I'm not entirely happy with it, but the good thing is my bf (who knows more about MBTI than I do) said I'm hard to type. 

The ENTJ stereotypes of a ruthless ladder climber I can somewhat identify myself with, as I _like_ working. When work sucks, I get depressed and because I'm an intuitive, I often see where things are lacking quite easily only I don't always have the means to change it, as I'm not senior enough and just boxed in at a large company. The ENTJ stereotype "What is hell for the ENTJ? People running around doing things the wrong way, and they're in charge." That applies to me. 

Where I differ from the stereotype is probably when it comes to my interests. I love comedy, the theatre and trying to decipher song lyrics. Mostly thanks to 5-6 yrs I spent with an ISFP ex.

Why I'm interested in MBTI is because it gives me a better understanding of my strengths and weaknesses. Being a Te dom is both exhausting as well as very rewarding. I need to get a better grip on using my functions where and when needed.


----------



## FueledByEvil (Aug 6, 2015)

I am comfy with my type so long as it doesn't steal all 
the blankets in bed.


----------



## xwsmithx (Jan 17, 2017)

I'm very comfortable that I am in fact the type that the MBTI says I am. What I have noticed about the MBTI is that some people, those who fall more closely towards the middle of the various scales, find that it isn't very accurate, vague, etc., while those who fall more definitively towards the ends of the scales find the MBTI surprisingly accurate. So, for example, if you're more of an ambivert rather than primarily an extrovert or introvert, you're not going to find those particular descriptions very accurate where you are concerned. Similarly with the other scales. If you fall more towards the middle (and most people find the J/P scale confusing), you're just not going to identify as much with any one type and will see aspects of yourself in some or all of them. But if you're pretty decisively one or the other, then the descriptions will seem pretty spot on for your own type and not very close for other types. It can help if once you have looked at the type you are supposed to be if you then read the exact opposite type and see how much you relate to that one. If you can still see aspects of yourself in someone who should be the exact opposite from you, then you probably fall pretty close to the middle of the spectrum.

I don't find the cognitive functions useful at all. Research on the validity of the MBTI has been mixed, but there's no support for the validity of the functions, so I suggest you ignore those.
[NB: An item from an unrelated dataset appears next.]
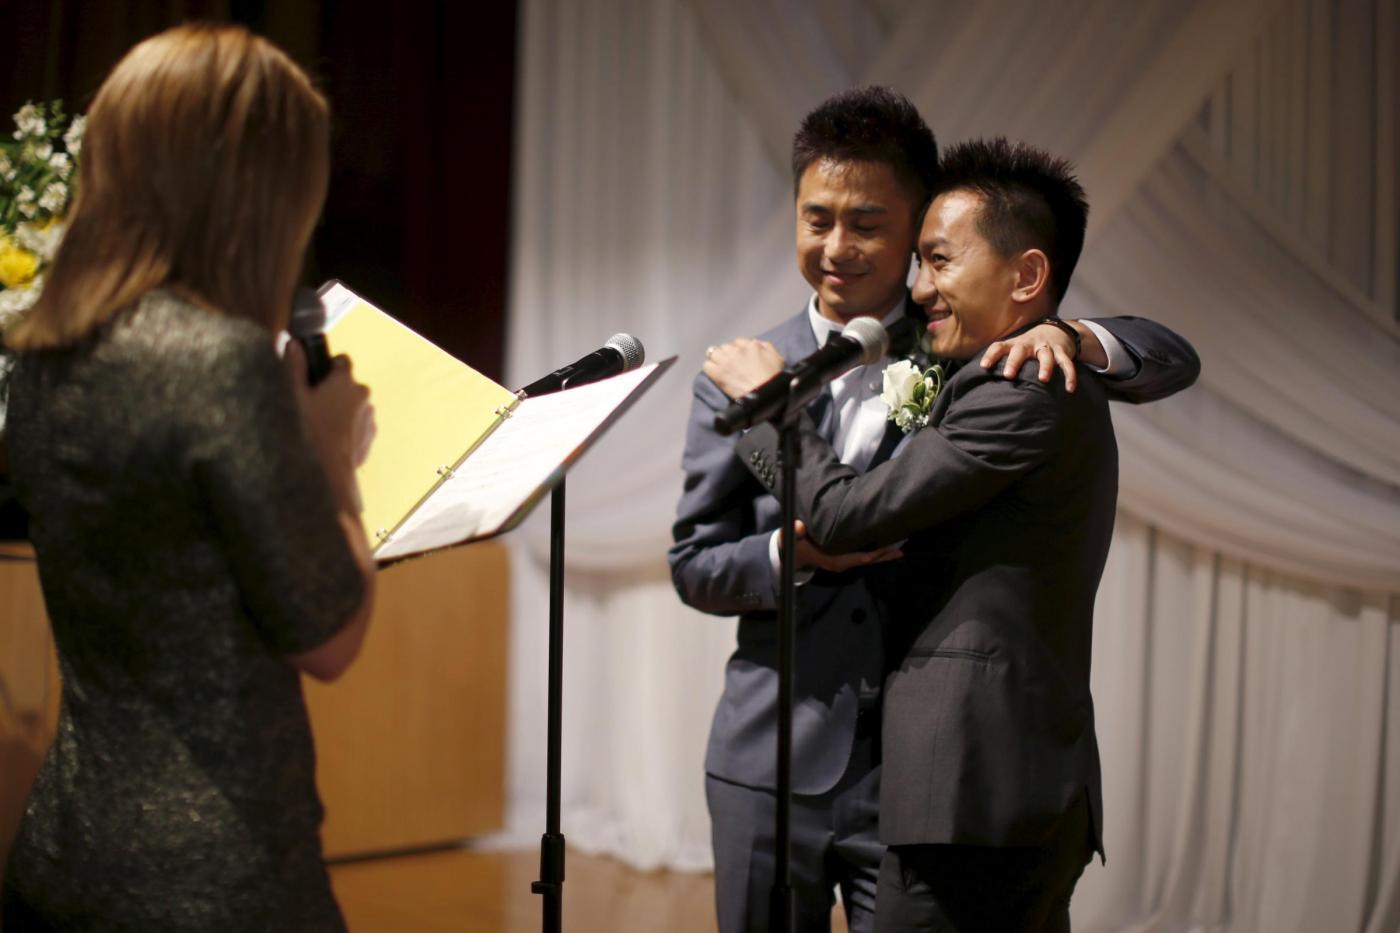 Sette coppie omosessuali cinesi si sposano a Los Angeles13

I wasn't really interested in the MBTI until after I had taken the test and found the description of INTJ so accurate in my case. It was a revelation to me that I wasn't the only person in the world _like me_, because I was definitely the only person in my school like me. Now I have taken many other personality tests, some interesting, some not so much, but none have come quite as close to describing me nearly as accurately as the MBTI.

Well, I was going to suggest this test as being the next most accurate, but it's based on the MBTI, so there you go.


----------



## Xool Xecutioner (Jul 8, 2018)

I am, but that's because other types don't fit and accurately reflect me as well. I was typed as an INTJ initially on a test that utilized letters, while cerebral and thinker came to me like nails to magnet, I didn't find the description to be honest to me. I tried to be honest later on and got typed as ISTP on 16personalities, and it fitted me a bit too well. I was in a dilemma of whether I was INTJ (the mastermind stereotype was too good to lose) or ISTP for a short while, but after careful introspections and readings, I declared ISTP not because of my libertarian attitude or laziness, but because of my grounded on reality and the objective state of what's going on (in dichotomy language). Since then, I considered myself ISTP and with knowing cognitive functions (and Enneagram to an extent) for nuances, I can say with confidence that I am ISTP.


----------



## Shrodingers drink (Nov 30, 2018)

I’m a fan of both MBTI/Cognitive functions and enneagram. For me both my own type and others is pretty obvious, just as MBTI testing methodology is obviously flawed. That doesn’t mean the underlying theory is wrong, just that people making tests have blind spots and are destined to exhibit bias. As an ENTP my mind is constantly generating alternative possibilities via Ne, while its obvious other people struggle with considering alternative. So learning about MBTI helps enormously with understanding other people, appreciate the value, and forgive their annoying differences.


----------



## superloco3000 (Dec 15, 2017)

I believe that we are incomplete beings waiting for the next step in evolution, when we have the intelligent ones borrowing ( school degress) and working for those who parasitize the system is no longer a good sign.


----------



## Handsome Dyke (Oct 4, 2012)

There seems to be something kind of backward about this question that I can't quite put my finger on. I'm comfortable with who I am, and since type reflects that (to some extent), and I'm typed correctly, then how could I _not_ be comfortable with my type?


----------



## Notus Asphodelus (Jan 20, 2015)

Yes, I'm comfortable with my type. I used to think I was ISTP, but no.. that wasn't it.


----------



## Pretender (Apr 27, 2016)

TGW said:


> I feel like I can relate to almost all of them and I have no clue which I am.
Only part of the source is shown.